My intention in raising the matter this afternoon is by no means to conduct a witch-hunt of any kind. I pay tribute to the courtesy and attention with which I have been received by the Minister of State on several occasions—regrettably several occasions—on this most difficult matter.

The truth is that we are confronted with a log jam. My purpose in raising the matter this afternoon is to seek the Minister's assistance in attempting to break it. I hope that he will understand me when I say that it is also my intention to try to head off the possibility of a witch-hunt being conducted locally, in the press and by other means, against those who are imagined to be responsible for the difficulties affecting the provision of the casualty service. Such a public witch-hunt could only do serious damage to the morale of those who are continuing to provide the greatly reduced service and could well result in the complete withdrawal of the service.

I hope that the Minister understands that that is a real possibility. I am a member of an action committee which I have been trying to head off from that very course, but I regret that it is one that it may determine to pursue.

I spoke of a log jam and referred to several visits to the Department. I think that I should proceed to discuss the need for the casualty service before going on to list the various elements in the situation as I see them.

The new town of Redditch now has a population of about 60,000. According to the statistics handed to me last week by the local employment office, there is a work force of 33,000, practically all in manufacturing industry. The casualty service does not just provide for the growing new town of Redditch. It also provides for the surrounding areas. That has been recognised in the calculation of the population of the catchment area for the new district general hospital.

The population of the area currently served by the Redditch casualty service, restricted as it unfortunately is, is about 90,000 and is increasing as the new town moves towards fulfilment in 1981. During the discussions we have had on several occasions with the Department, mention has been made of the need for this service. The Under-Secretary referred to this in his letter to me of 19th August 1977. The area health authority was asked to undertake a survey at that time. A year later an interim survey was produced. We still do not have the results of any final survey, despite the lapse of time since the Under-Secretary was good enough to write to me.

It can be said that the figure for the number of casualties from Redditch attending the Selly Oak hospital out of normal working hours, which are the only hours during which the Redditch service is provided—this can therefore be taken as a fair indicator of the increase in demand and consequently of the need— have risen from 13 per month in 1976 to 145 per month last year. More up-to-date figures are not available. A further illustration can be obtained by the fact that on a recent Saturday afternoon at the Bromsgrove cottage hospital there were 37 patients from Redditch in attendance.

There is also a query about the extent of the treatment accorded to these casualties from Redditch at Selly Oak hospital. The question that arises is whether they are given full treatment or some first aid attention and then referred to the Redditch hospital during working hours on Monday for a full and proper examination. I am not qualified to speculate on that but I would point out that it is not unknown for there to be 110 cases awaiting the magic hour of 9 o'clock on Monday morning in Redditch. To the bulk of the 90,000 population the need for this service is totally apparent. People cannot understand why the service cannot be provided on a more satisfactory, that is continuous, basis.

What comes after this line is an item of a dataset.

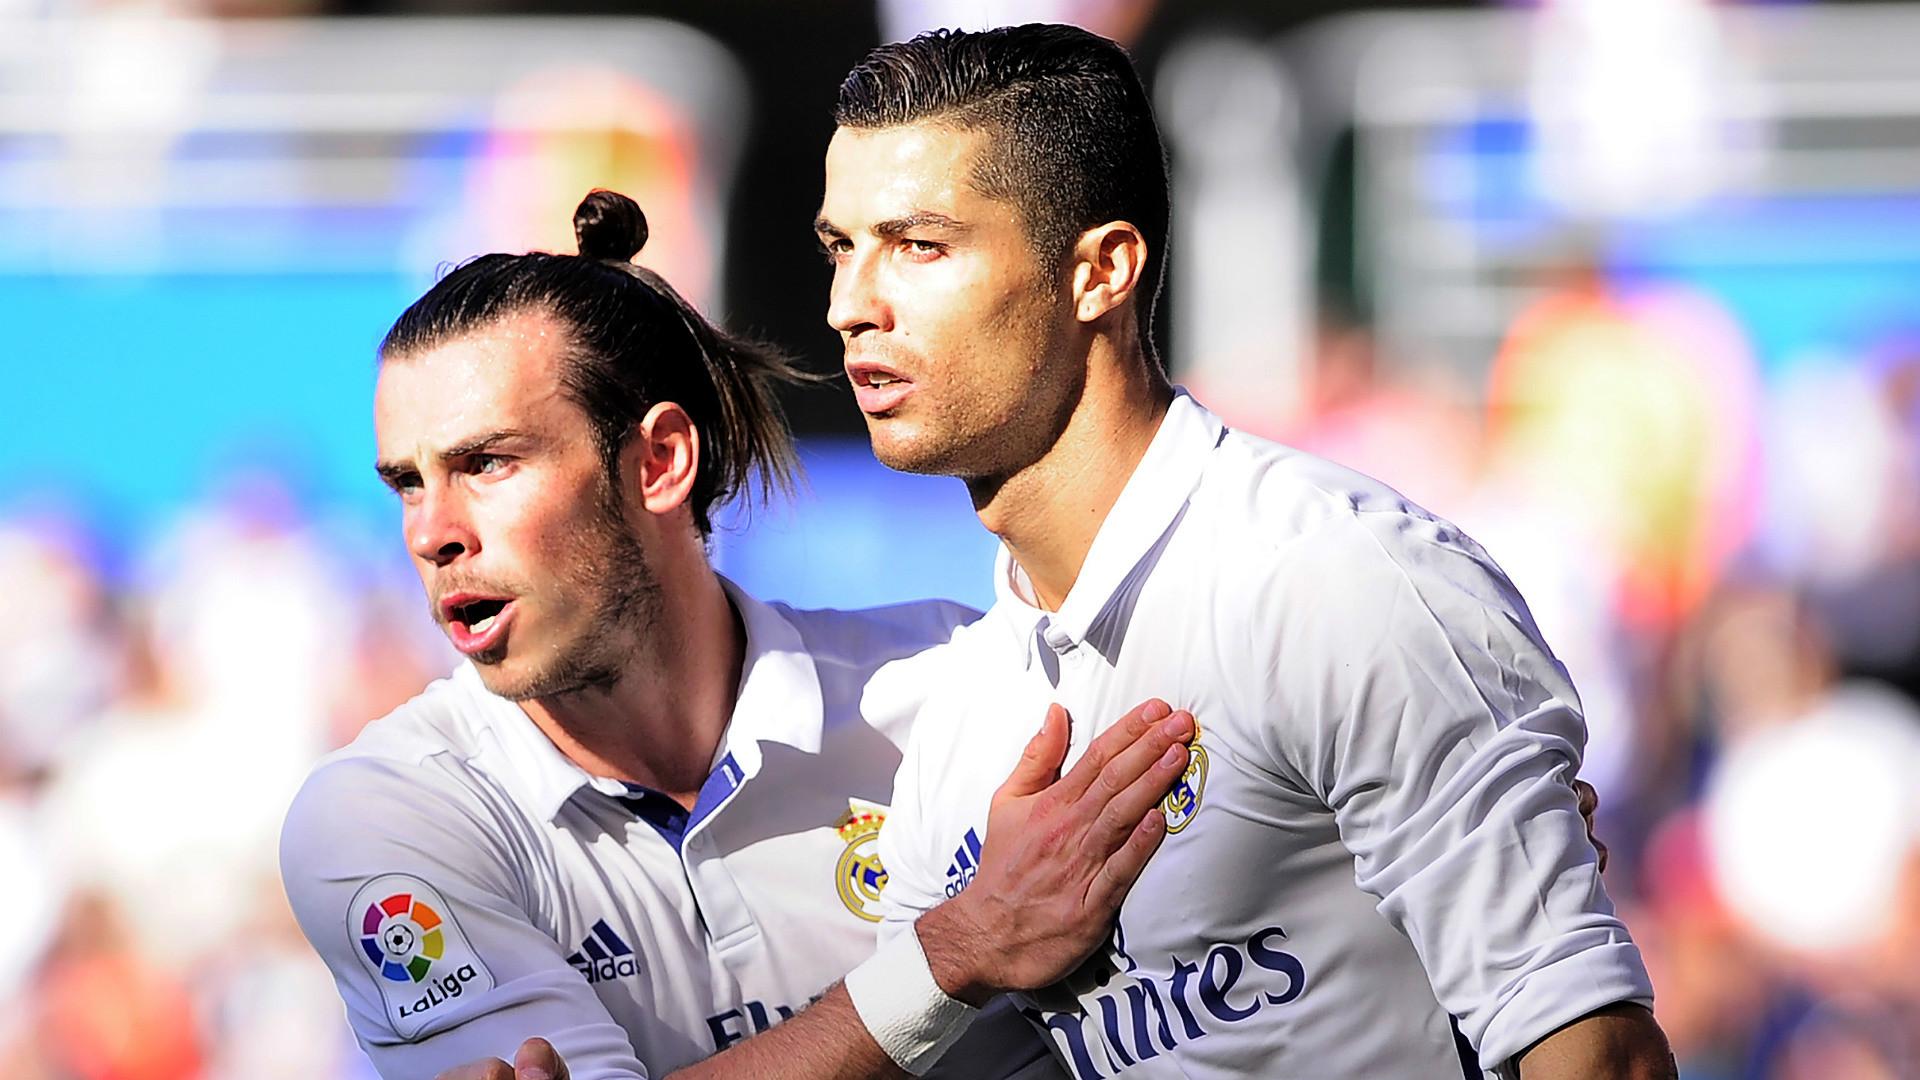 Gareth Bale Wallpaper 2018 HD (79+ images)

We must bear in mind that there is in Redditch a history of 24-hour provision of casualty service. Smallwood hospital is equipped not only with radiography but with an operating theatre. The staff at that hospital took a great and justifiable pride in the service they provided for their fellow citizens. It will readily be understood what a serious effect there was upon morale when the hours of operation of the casualty service were reduced to the normal working hours of 9 am to 5 pm, Monday to Friday.

This reduction in service took place in April 1977. Previous warning had been given—very nearly a year's warning—that the service would be reduced unless something could be done. Indeed, resignations from the general practitioners providing the service were finally handed in in October 1976, although they continued to provide the full service until April 1977.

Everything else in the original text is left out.